Page MenuHomePhabricator

Add wl_id to watchlist tables on production dbs
Closed, ResolvedPublic

Description

The ALTER TABLES to run: https://gerrit.wikimedia.org/r/#/c/271435/5/maintenance/archives/patch-watchlist-wl_id.sql

Where to run those changes: All mediawiki dbs

When to run those changes: ASAP

If the schema change is backwards compatible: compatible with the current code deployed.

If the schema change has been tested already on some of the test/beta wikis. Usually, as a last test, change should be applied
to testwiki first: We will be testing on Labs, Beta and testwiki (along with deployment).
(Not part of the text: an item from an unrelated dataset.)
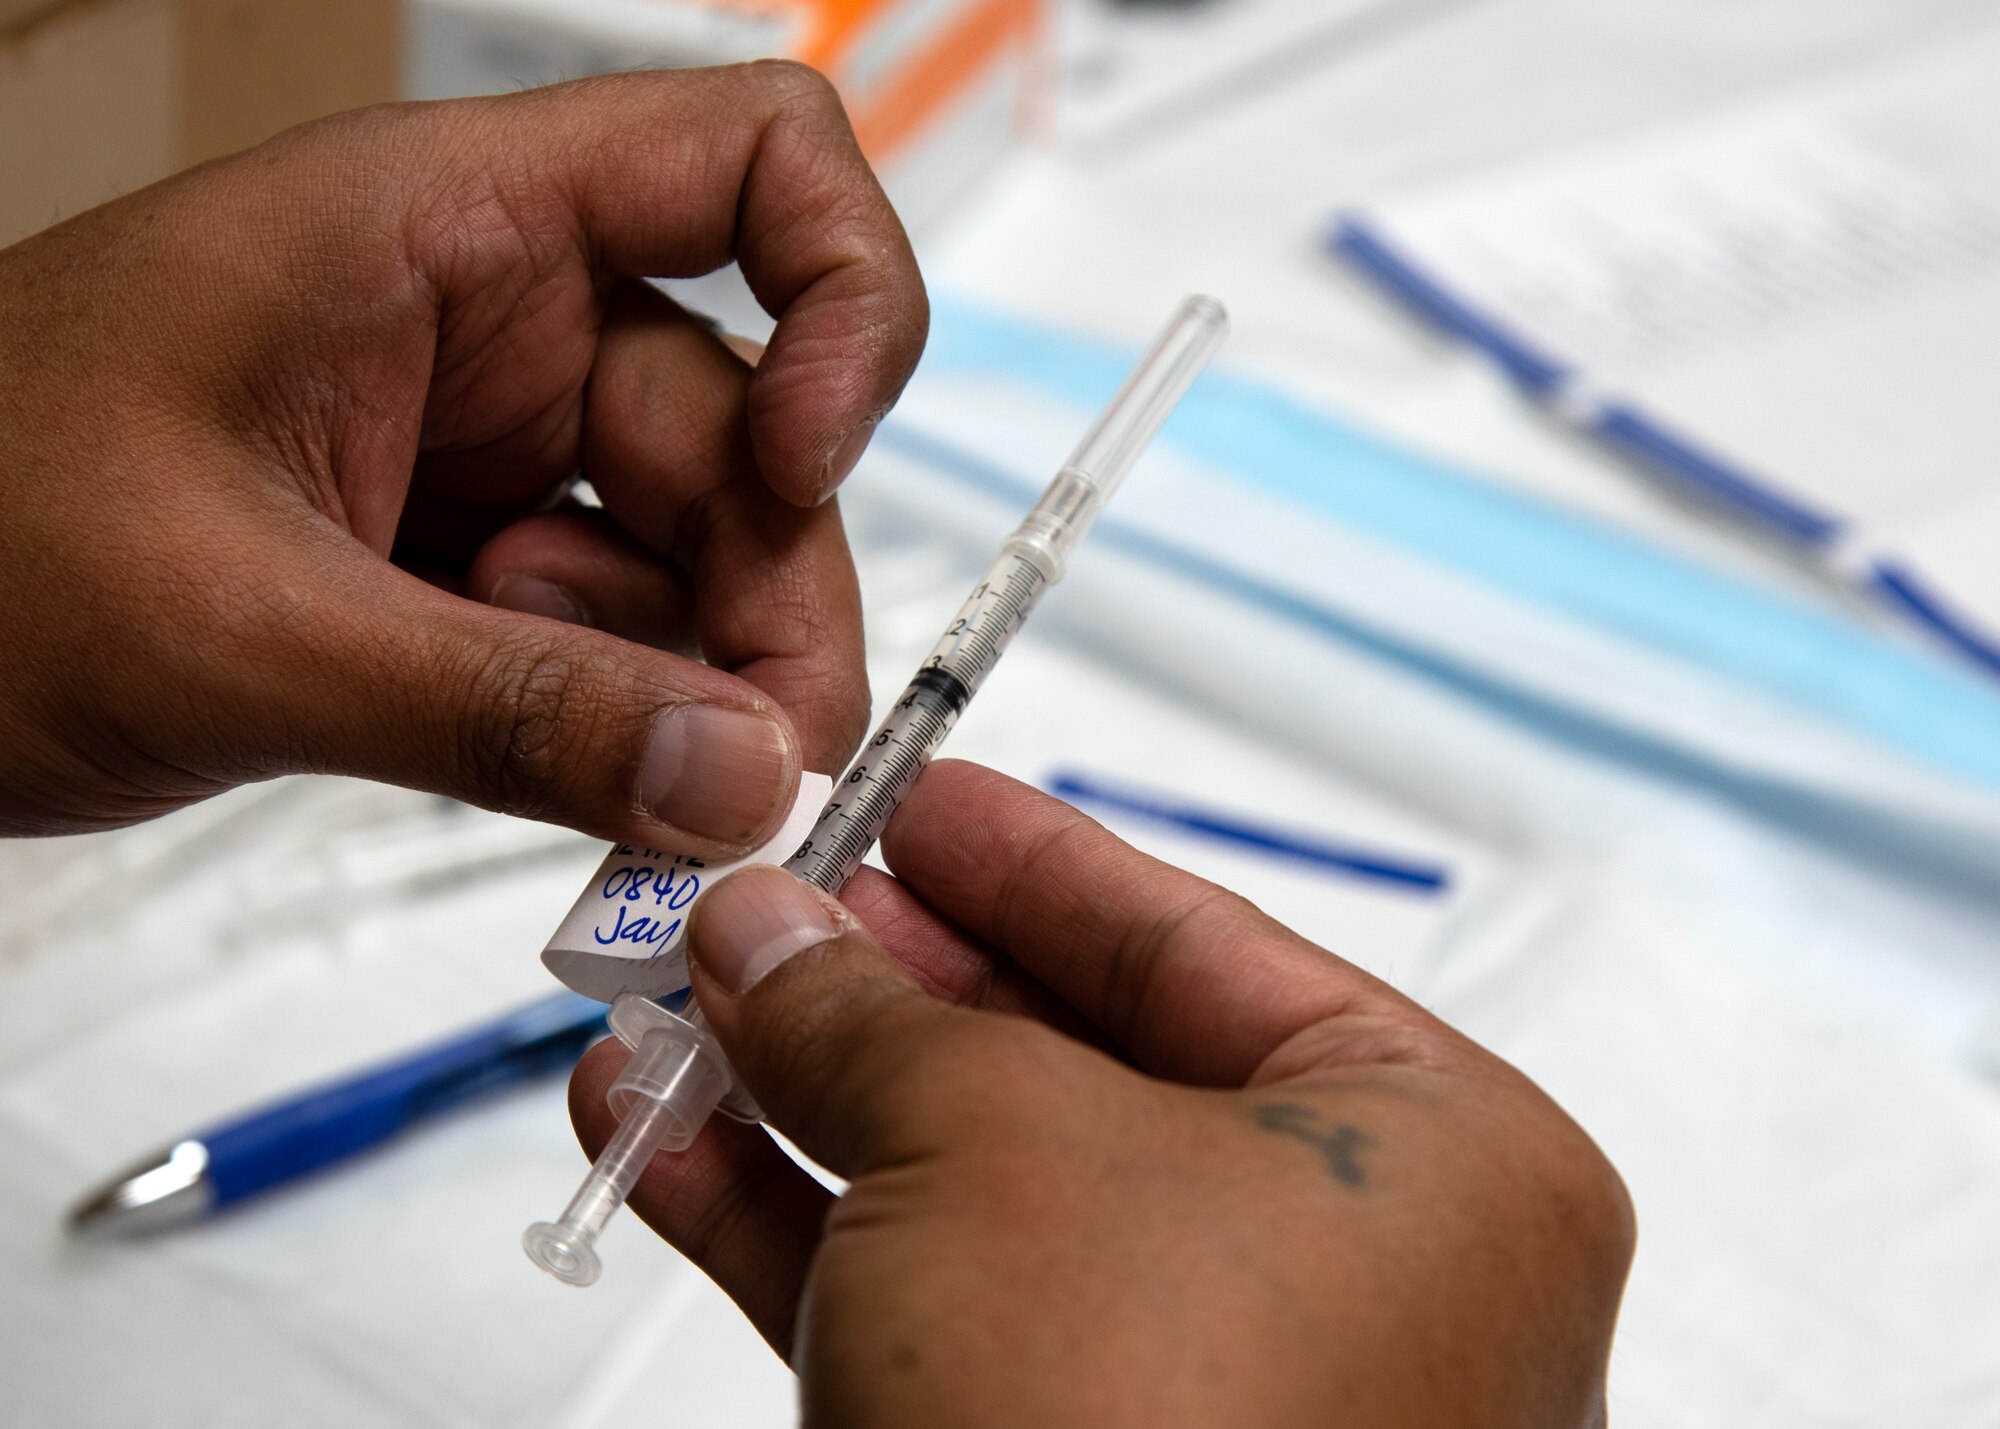 Jay Naigan, a contractor from the 6th Medical Support Squadron, prepares a COVID-19 vaccine for distribution at MacDill Air Force Base, Florida, Sept. 30, 2021.

Nothing actually uses the id field yet so this basically should be a noop

If it involves new columns or tables, if the data should be made available on the labs replicas. Similar question if it involves deletion of data previously available on labs. YES

Status as of 2017-04-27: Done on eqiad, pending on codfw. Do not deploy any code based on it yet.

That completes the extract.